Demodex folliculorum is a type of mite. It’s one of two types of Demodex mites, the other being Demodex brevis. This is also the most common type of Demodex mite.
D. folliculorum lives within the hair follicles on human skin, feeding on dead skin cells. Unlike D. brevis, this type is mostly found on the face. These mites tend to be most prevalent around the eyes, affecting the lids and lashes.
Though the thought of having mites on your skin might sound unpleasant, it’s actually common to have small amounts of them. D. folliculorum only becomes problematic if they exacerbate preexisting skin conditions, such as rosacea. There’s also increasing evidence that large amounts can cause skin problems.
D. folliculorum is microscopic in size, so you won’t be able to diagnose its presence on your own.
With large D. folliculorum infestations, you may notice sudden increased roughness of the skin.
Other symptoms may include:
- itchy or scaly skin
- increased skin sensitivity
- burning sensation
- skin that feels rough like sandpaper
Many people with mites in their skin don’t know it. A small number of mites is unlikely to cause any symptoms.
D. folliculorum naturally occurs in human skin. However, the mites can be spread by contact with someone else who has them.
Unlike other types of skin mites, D. folliculorum increases the amount of skin cells in the hair follicles. In large amounts, this can create scaly symptoms on the face.
D. folliculorum is currently being investigated as a potential cause of rosacea. There’s evidence that these mites can cause flare-ups if you have rosacea. In fact, the National Rosacea Foundation estimates that rosacea patients have up to 18 times more Demodex mites than patients without rosacea.
Though D. folliculorum isn’t an uncommon occurrence, you may be at an increased risk for getting these mites if you have:
- a weakened immune system
- skin infections
- acne, especially inflammatory types
- rosacea, though increasing evidence suggests the mites can actually cause this condition
Since D. folliculorum aren’t visible to the naked eye, you’ll need to see a doctor to get a definitive diagnosis.
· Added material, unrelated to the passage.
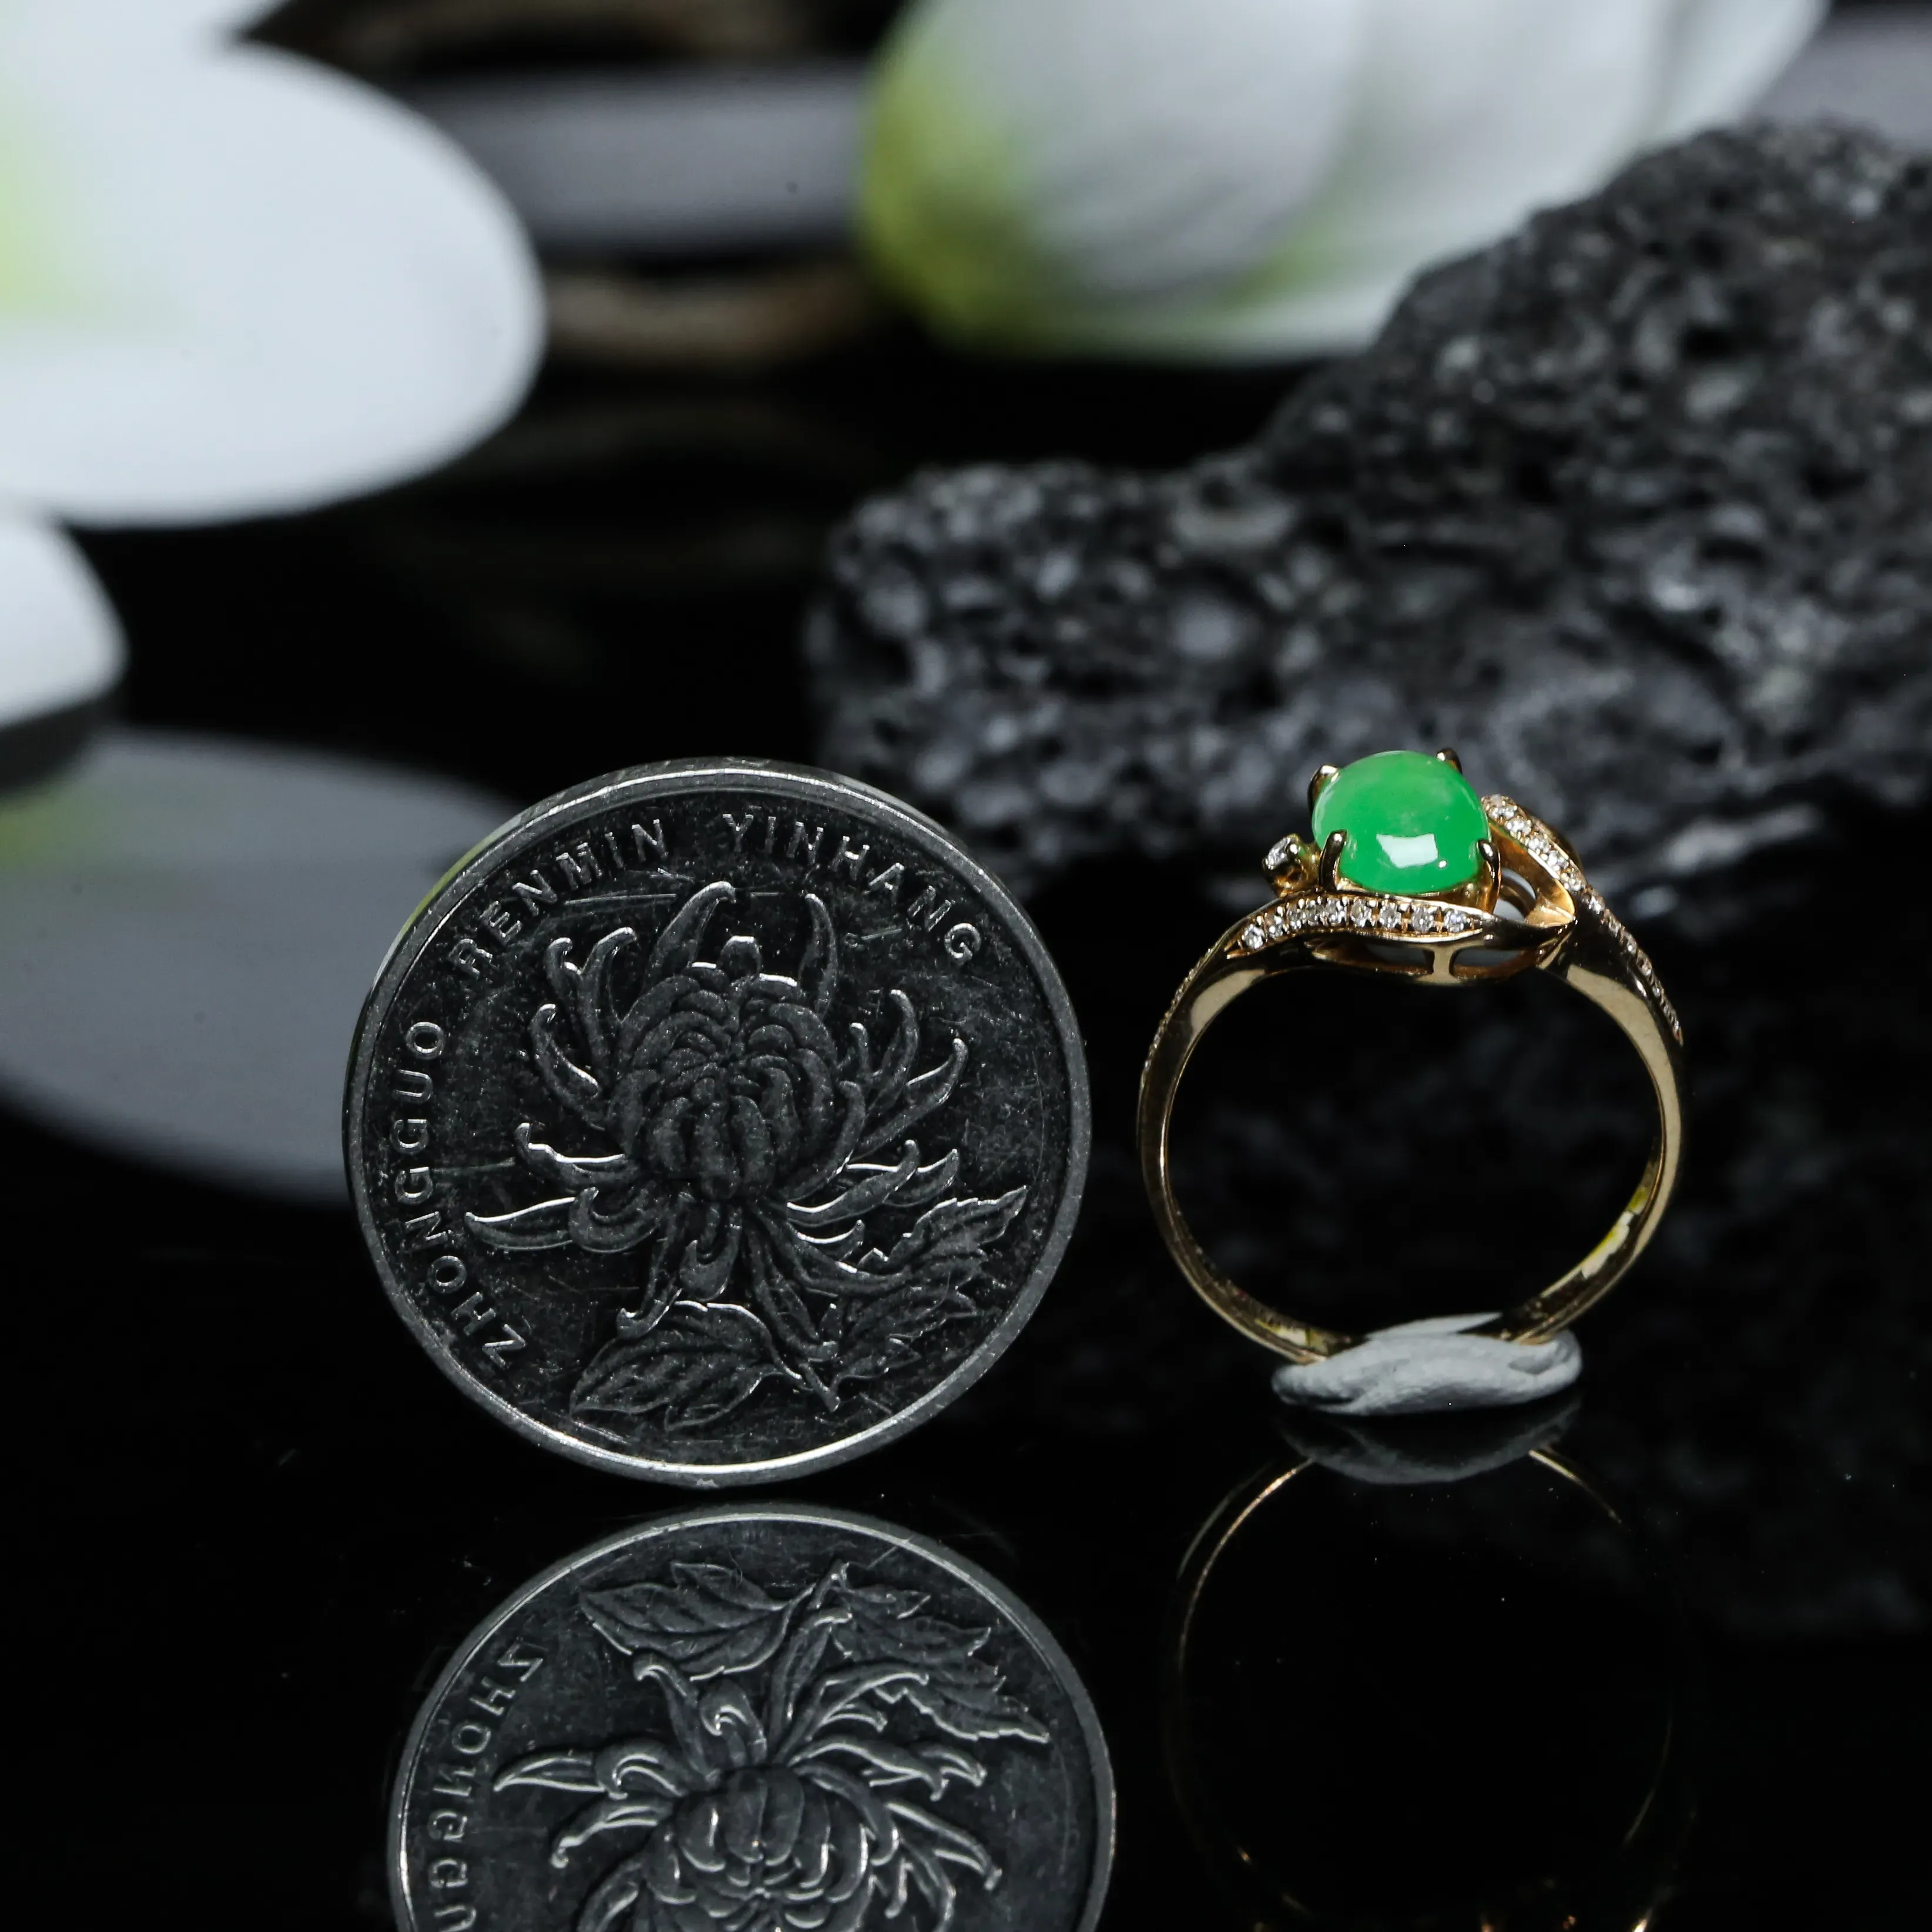 18K金镶嵌伴钻蛋面翡翠戒指，色泽清爽，质地细腻。上手效果时尚漂亮！尺寸16.8*9.3*5.7mm

To diagnose these mites, your doctor will scrape a small sample of follicular tissues and oils from your face. A skin biopsy shown under a microscope can determine the presence of these mites on the face.
People who have large amounts of the mites on their face may be diagnosed with demodicosis. Symptoms of demodicosis include:
- scales around the hair follicles
- red skin
- sensitive skin
- itchy skin
Your doctor can prescribe a cream that can help get rid of the mites as well as their eggs.
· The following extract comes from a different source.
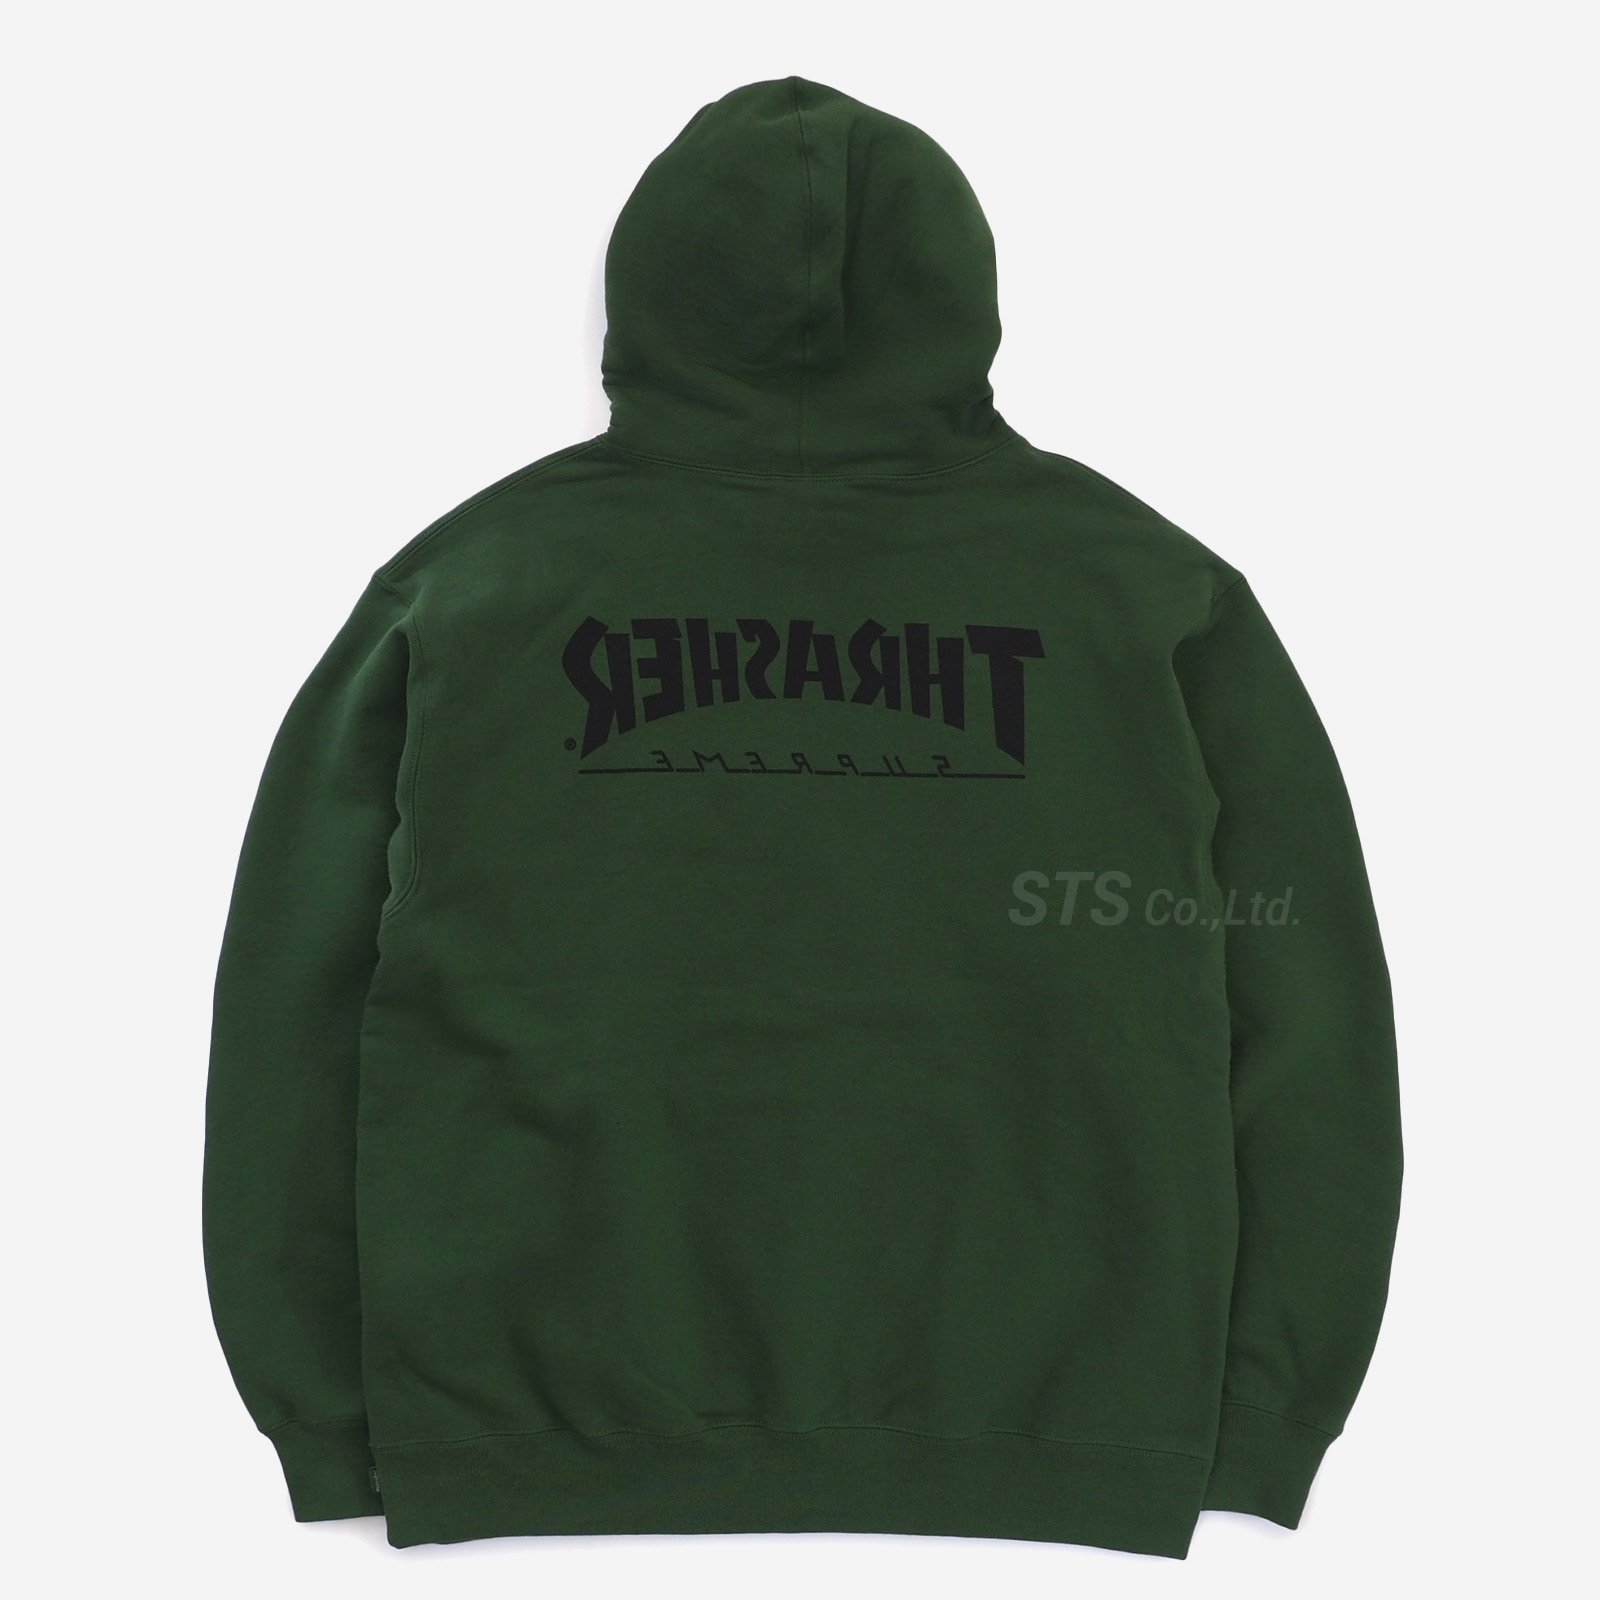 Supreme/Thrasher Hooded Sweatshirt - UG.SHAFT

D. folliculorum can also cause complications with preexisting skin conditions. It may worsen acne outbreaks, rosacea rashes, and dermatitis patches. Controlling the mites may help the outcome of these types of inflammatory skin conditions.
Certain home treatments can help get rid of D. folliculorum while also preventing them from spreading. Gently scrub your eyelashes with a 50 percent solution of tea tree oil. Then apply tea tree oil to kill any eggs left behind. The tea tree oil should get rid of mites and mite eggs.
In most cases, you don’t need to do anything about the mites unless they’re causing symptoms.
Medical treatments are used when there is a large number of mites on your face. For D. folliculorum on the eyelashes, a medicated ointment may be used. This helps trap the mites and prevent them from laying their eggs in other hair follicles.
Creams, gels, and face washes with the following active ingredients may also help:
- benzyl benzoate
- salicylic acid
- selenium sulfide
Your doctor may also prescribe:
- crotamiton (Eurax)
- ivermectin (Stromectol)
- metronidazole (Flagyl)
- permethrin (Nix, Elimite)
The outlook for D. folliculorum depends on the underlying cause. People with inflammatory conditions, such as rosacea and acne, might have recurring mites that aggravate their symptoms. Frequent skin infections can also increase the likelihood that the mites will return.
Most cases also don’t cause any symptoms. Mites live for several weeks and decompose often without notice. In small amounts, D. folliculorum may actually offer benefits, as they can remove excess dead skin cells.